Editor's note: The markets will be closed tomorrow in observance of Good Friday. Look for your next issue of DailyWealth on Monday after the Weekend Edition. We hope you enjoy the holiday.
It's a funny thing about people...
They make life more complicated than it ought to be.
I've seen it over and over again. I'm guessing you have, too. People just can't help but monkey with things... And finance is no exception.
These days, people seem to be looking for fancy ways to profit during the current health crisis. Some of them might work out. But too often, getting fancy ignores the obvious. And that, my friends, is risky business.
So, let's take a breath together. Let's keep things simple. And let's look at what's obvious in the markets today.
If you're in the process of making fancy plans... you might need this more than you know.
Let's get started...
Correlations have gone to one.
That's the finance way of saying that assets are moving together. It's a non-normal state for the market. But it tends to happen during a crisis.
In normal times, different market sectors perform differently. They perform based on their own merits... And that means some do well, and some do poorly. Most days we take it for granted. It's how things should be, and it's logical.
But in rare instances, everything gets moving in the same direction. That tends to happen when a crisis unfolds. So it's no surprise that today is one of those times.
We can see this by looking at some basic charts...
In our first chart, the bold blue line is the S&P 500 Index. It's our measure for the stock market. And it's what you should be comparing the other lines against.
We're comparing real estate and technology stocks to the market as a whole. And you can see that the other two lines are clearly following the same path...
In normal times, this chart would look like a mess. The lines would be all tangled up. And it would be darn tough to say they were moving together.
Today, the opposite is true. The chart clearly shows that real estate and technology stocks are following the broader path of the market. That's what it looks like when correlations go to one.
We can even see this behavior in sectors that you'd expect to have an upper hand during the crisis. Take a look...
Now we're looking at biotech and health care stocks. You might expect these sectors to do better than most in this current health crisis... But just like before, they're generally following the path of the market.
This should get your attention. The broad market is telling us which way darn near everything is headed.
What do you do with this? One option you have is to try to get fancy. For instance, you might be able to find individual winners with big outperformance in these sectors. Maybe you'll find the one health care company that's better positioned than all the rest.
There's a simpler option, though: Find the few things that aren't following the market... and buy those.
Two sectors out there have clearly taken a different path from everything else. You can see both of these "rule breakers" in the chart below...
This time, we're comparing the market to gold and Chinese stocks. And it might surprise you... But as you can see, gold and China are playing by a different set of rules.

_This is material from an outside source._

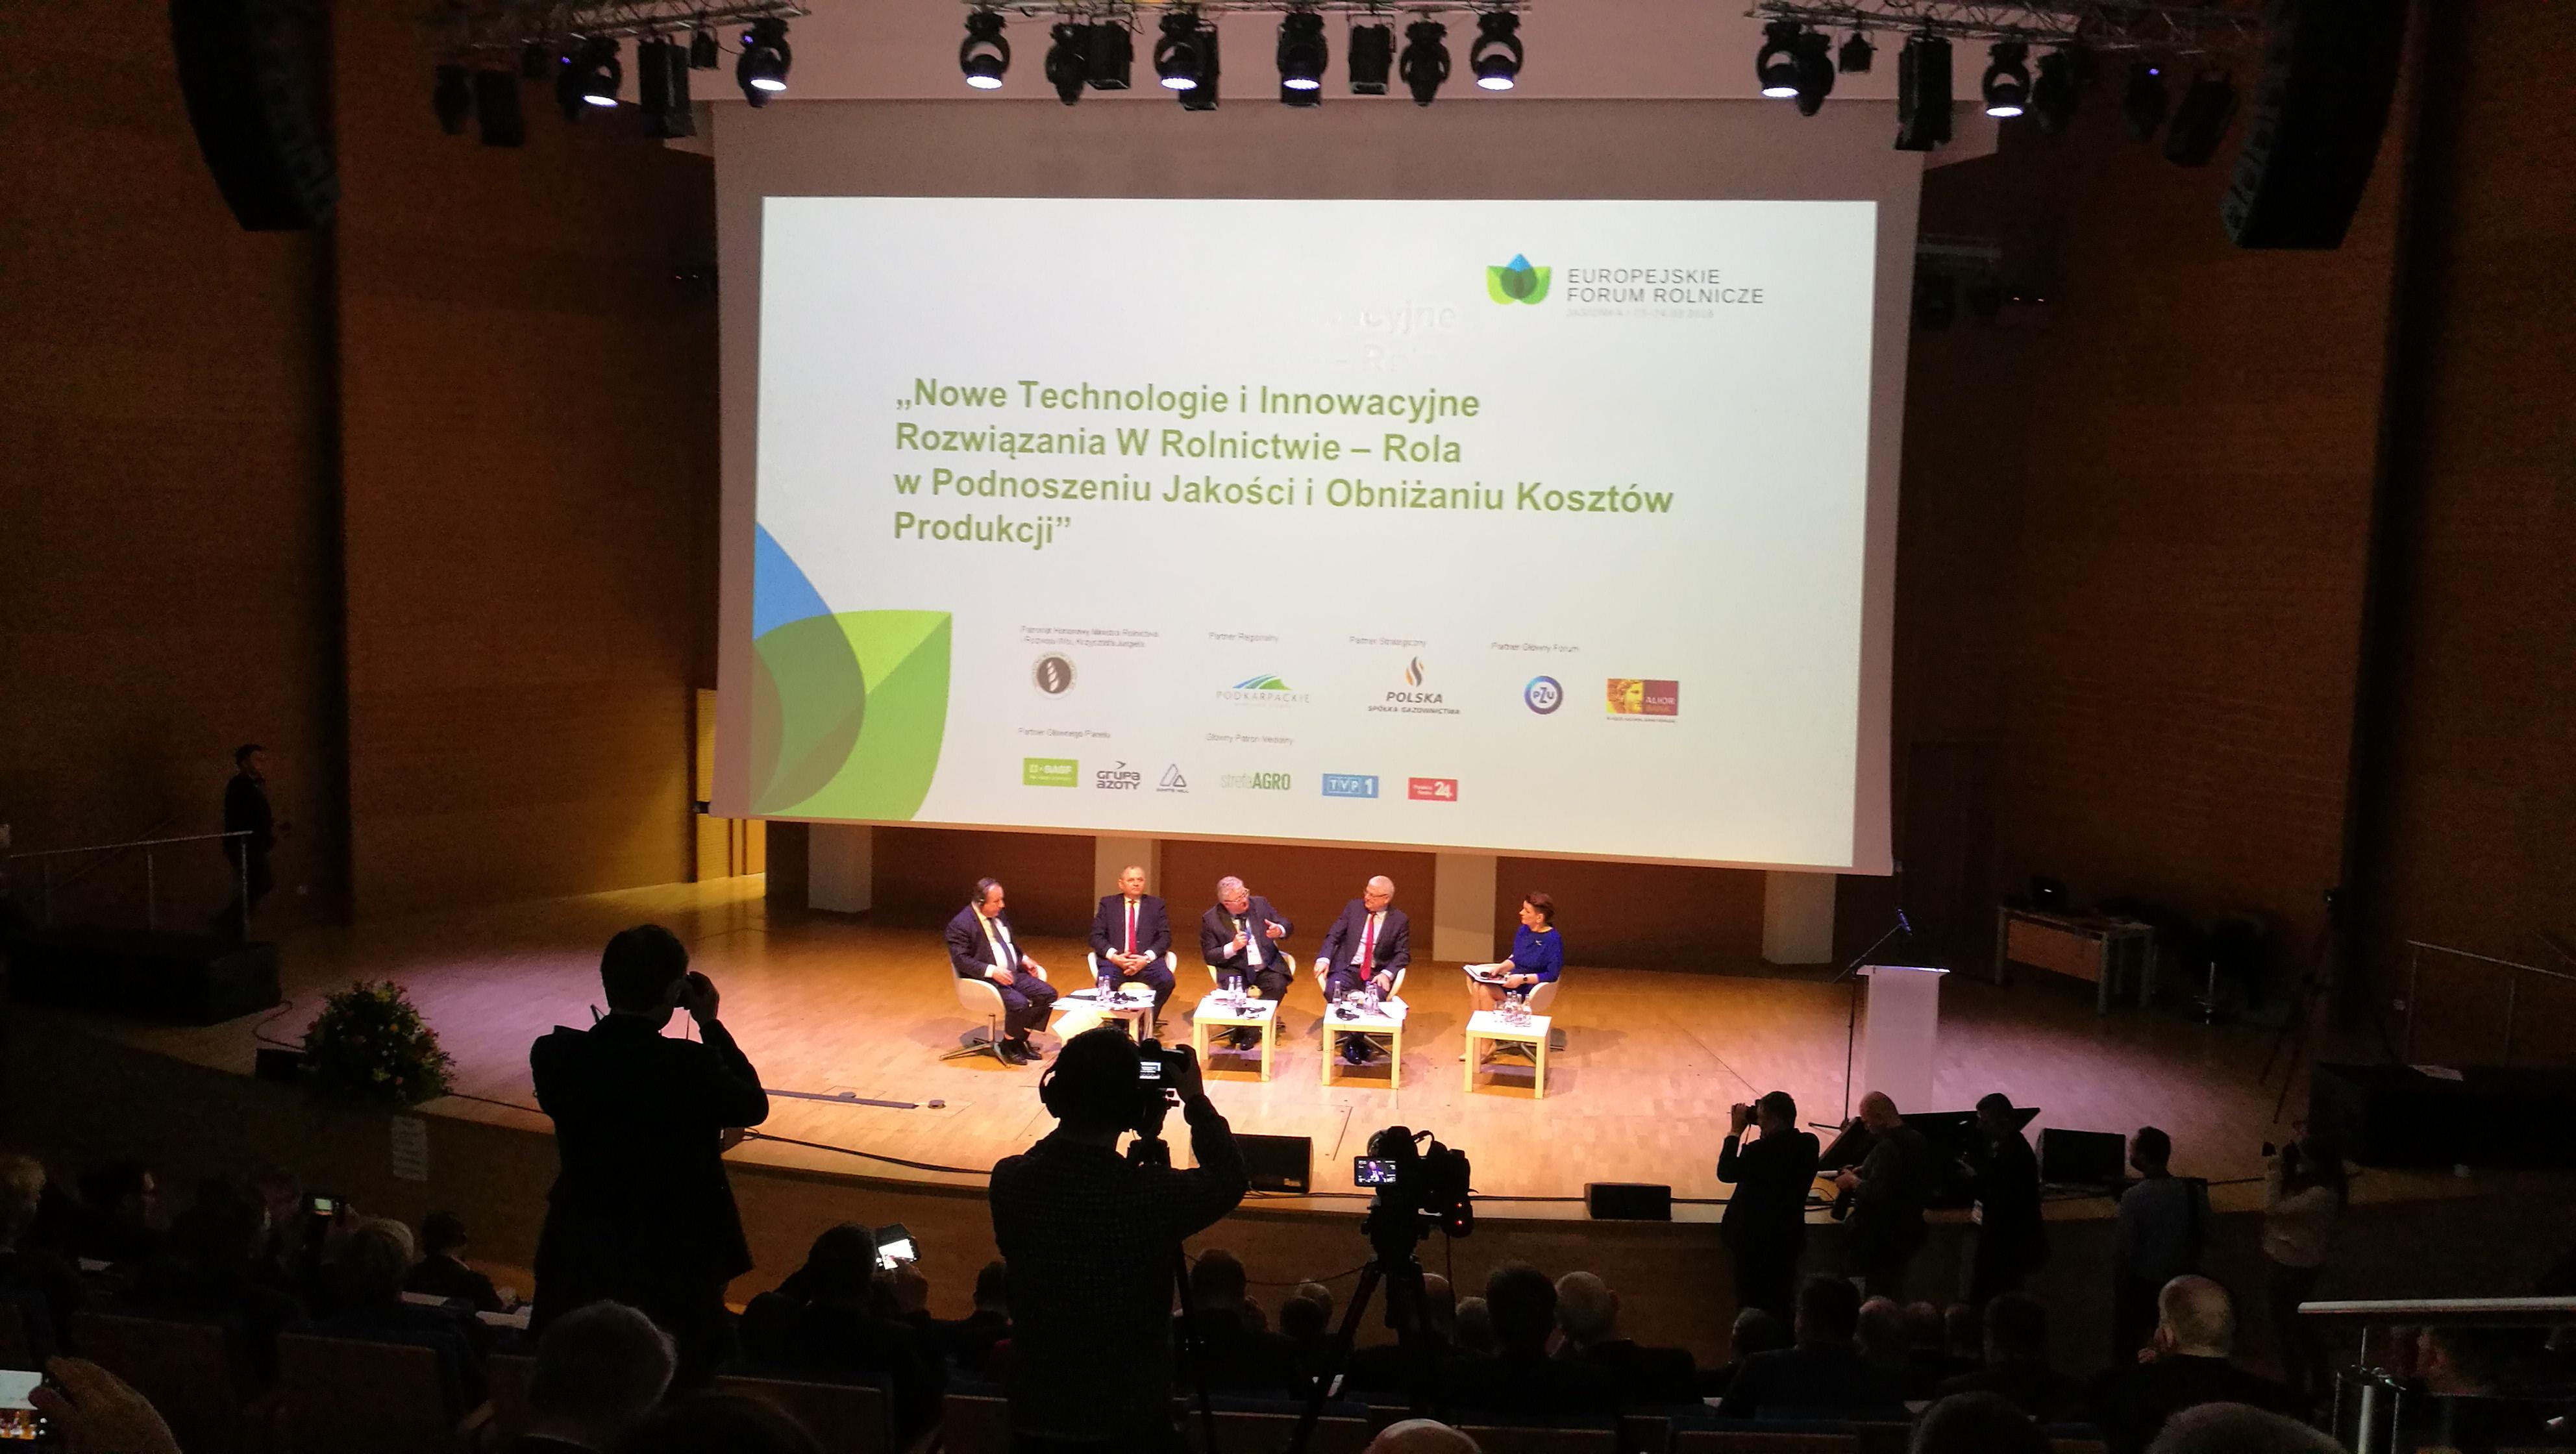 Europejskie Forum Rolnicze w Jasionce 23-24 marca 2018 r.

This is the kind of "plain as day" observation that many investors are missing right now. They aren't looking for what's obvious. So they're ignoring this opportunity.
Now, we could debate the "whys" behind these sectors. But that's beside the point. We don't need to get fancy to see what's in front of us.
You need to pay attention to the sectors that are playing by different rules. That's the case for gold and China right now... And it makes them two places you should consider investing in as this crisis continues to unfold.
Holding assets that don't move up and down together is a massive advantage during times of crisis. And when disaster strikes, this one investment will help you sleep well at night even when stocks are crashing... Get the full story here: When Crisis Hits, You'd Better Be Holding This Asset.
It's a good idea to hedge against the market, with assets that "zig" when the rest of your portfolio "zags." And right now is a good time to get comfortable with a strategy to hedge against today's extreme volatility... Read more here: How to Hedge Against Bear Market Losses.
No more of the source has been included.